Problem to work on – Retype the data below exactly; skip every image.

Data section –
========================================================================

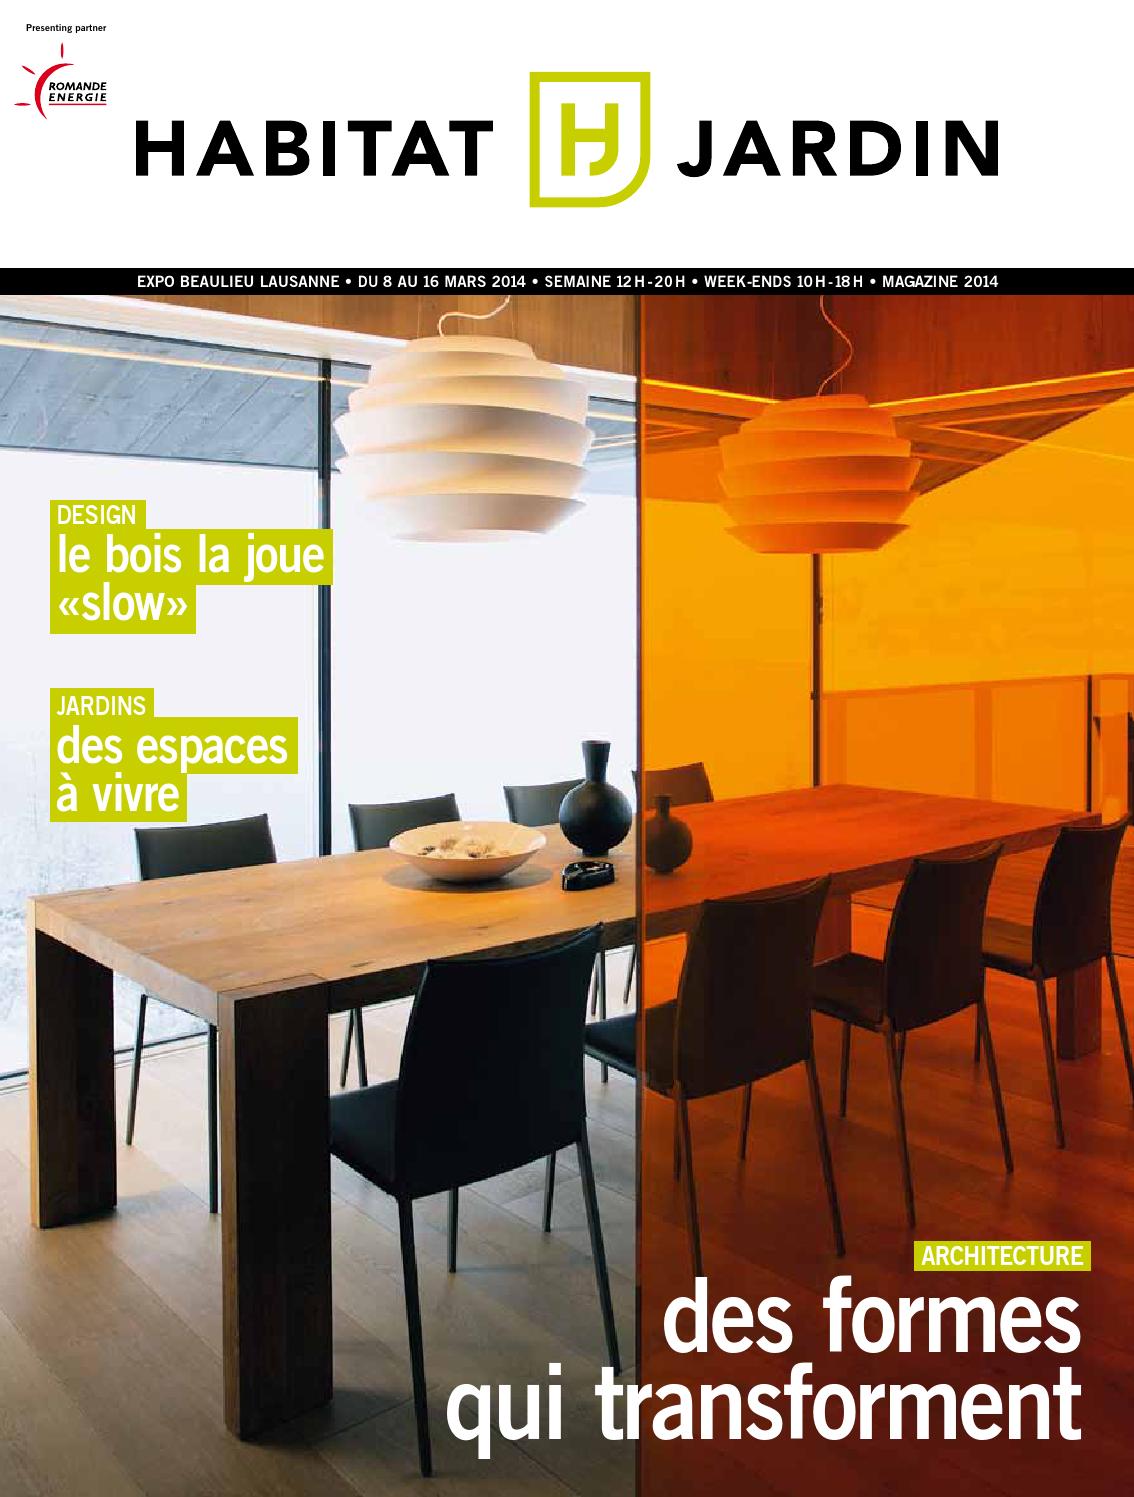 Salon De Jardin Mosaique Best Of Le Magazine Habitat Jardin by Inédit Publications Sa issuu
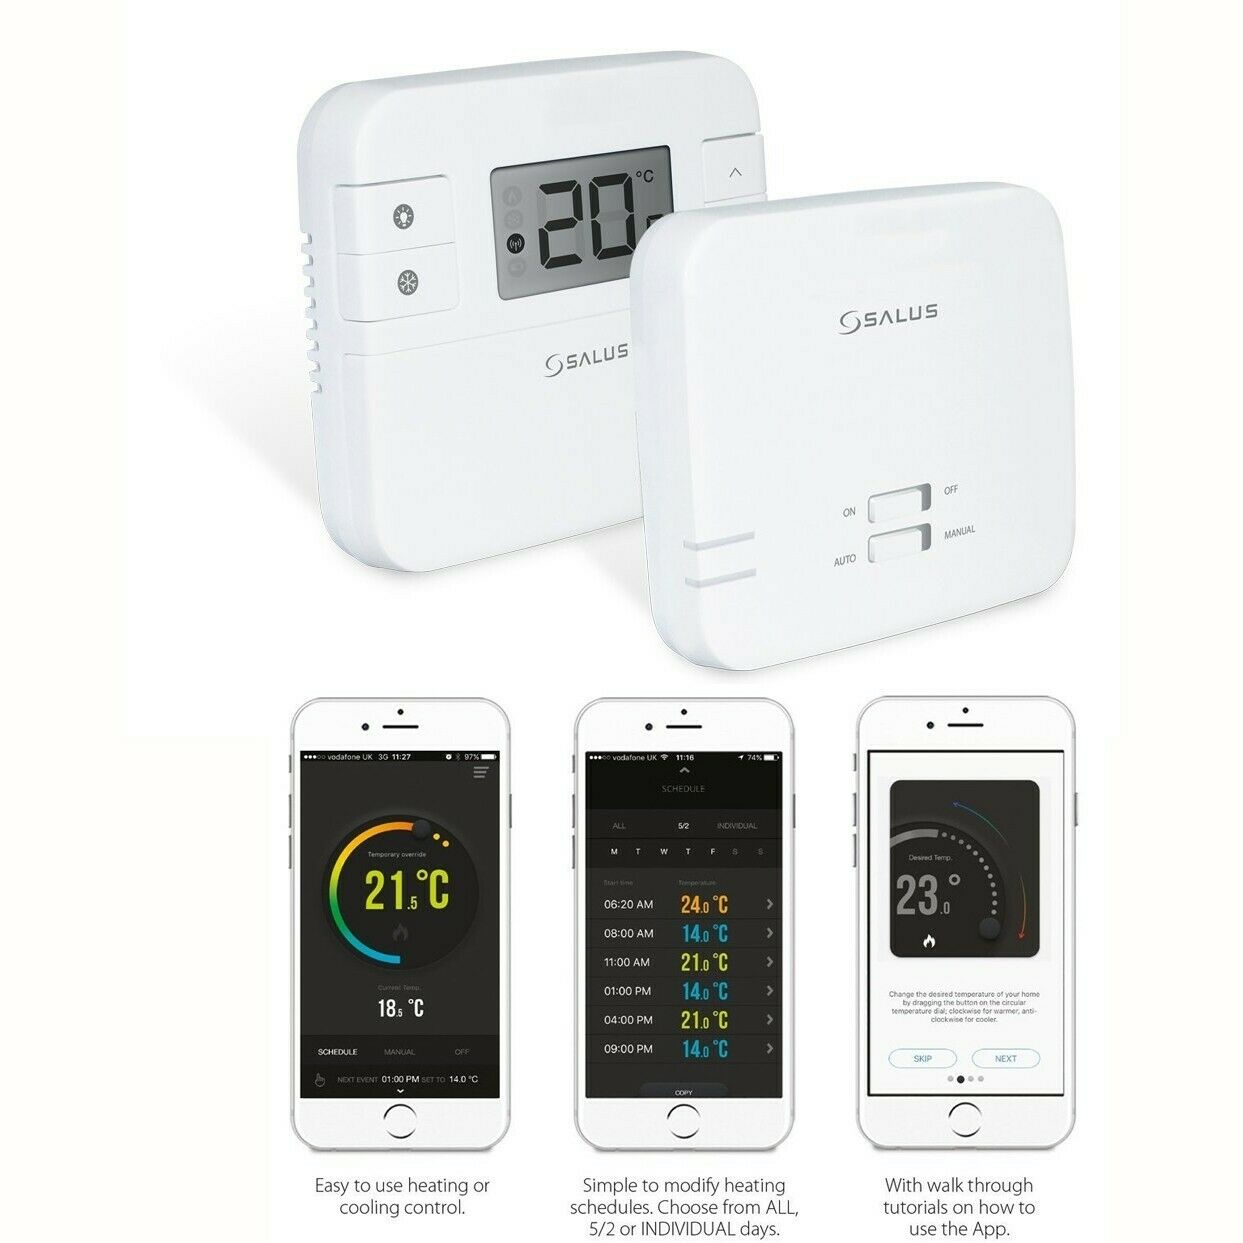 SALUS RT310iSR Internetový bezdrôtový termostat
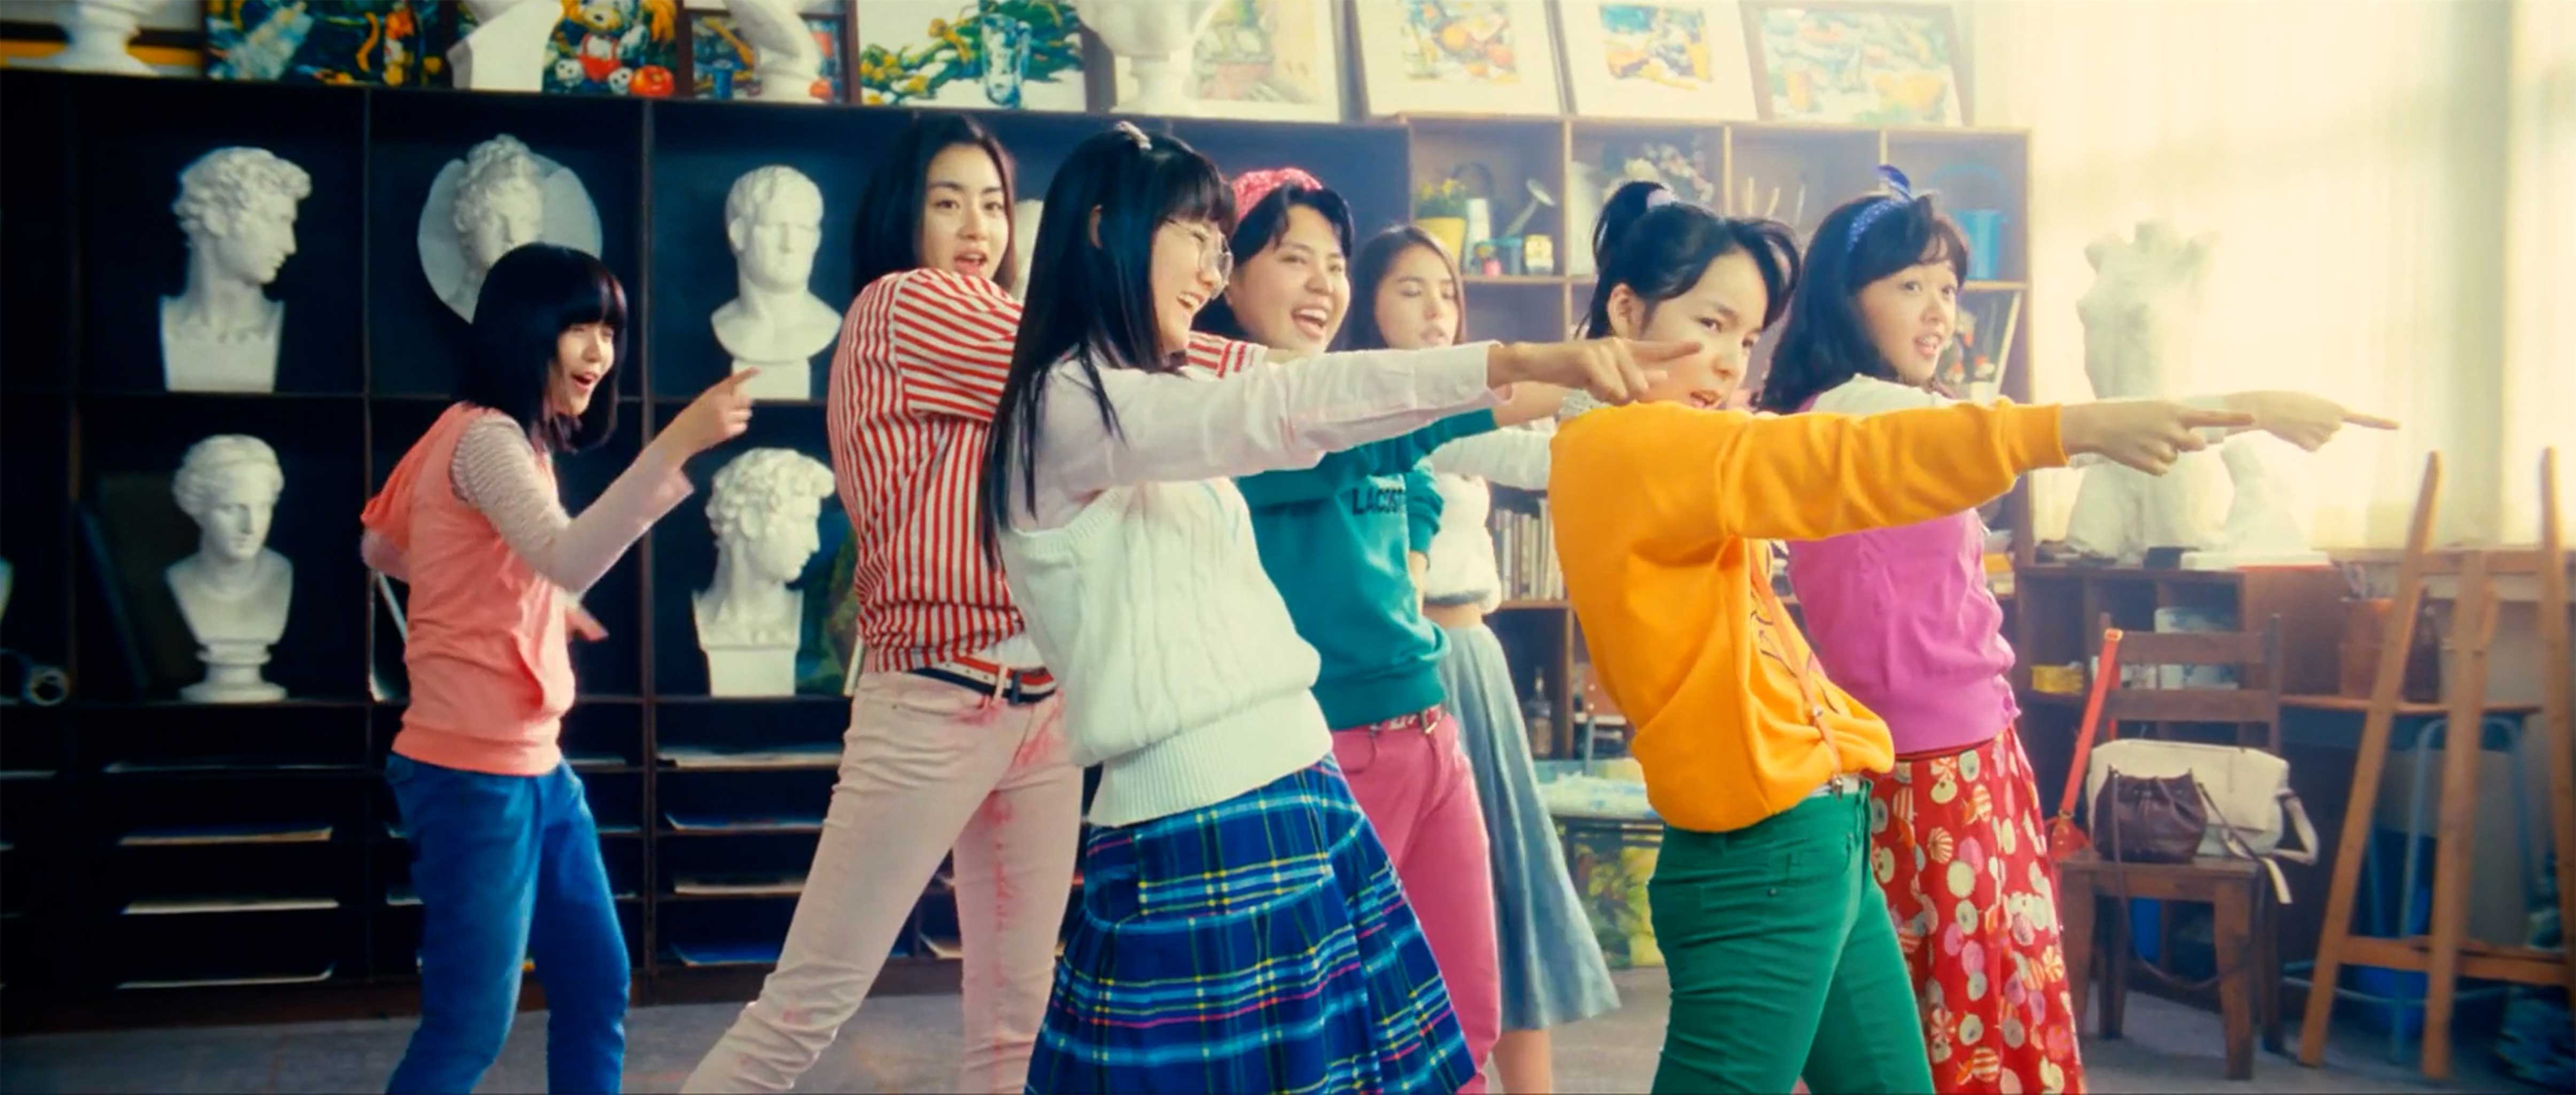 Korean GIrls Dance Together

========================================================================

Exercise output –
 Salon De Jardin Mosaique Best Of Le Magazine Habitat Jardin by Inédit Publications Sa issuu
 SALUS RT310iSR Internetový bezdrôtový termostat
 Korean GIrls Dance Together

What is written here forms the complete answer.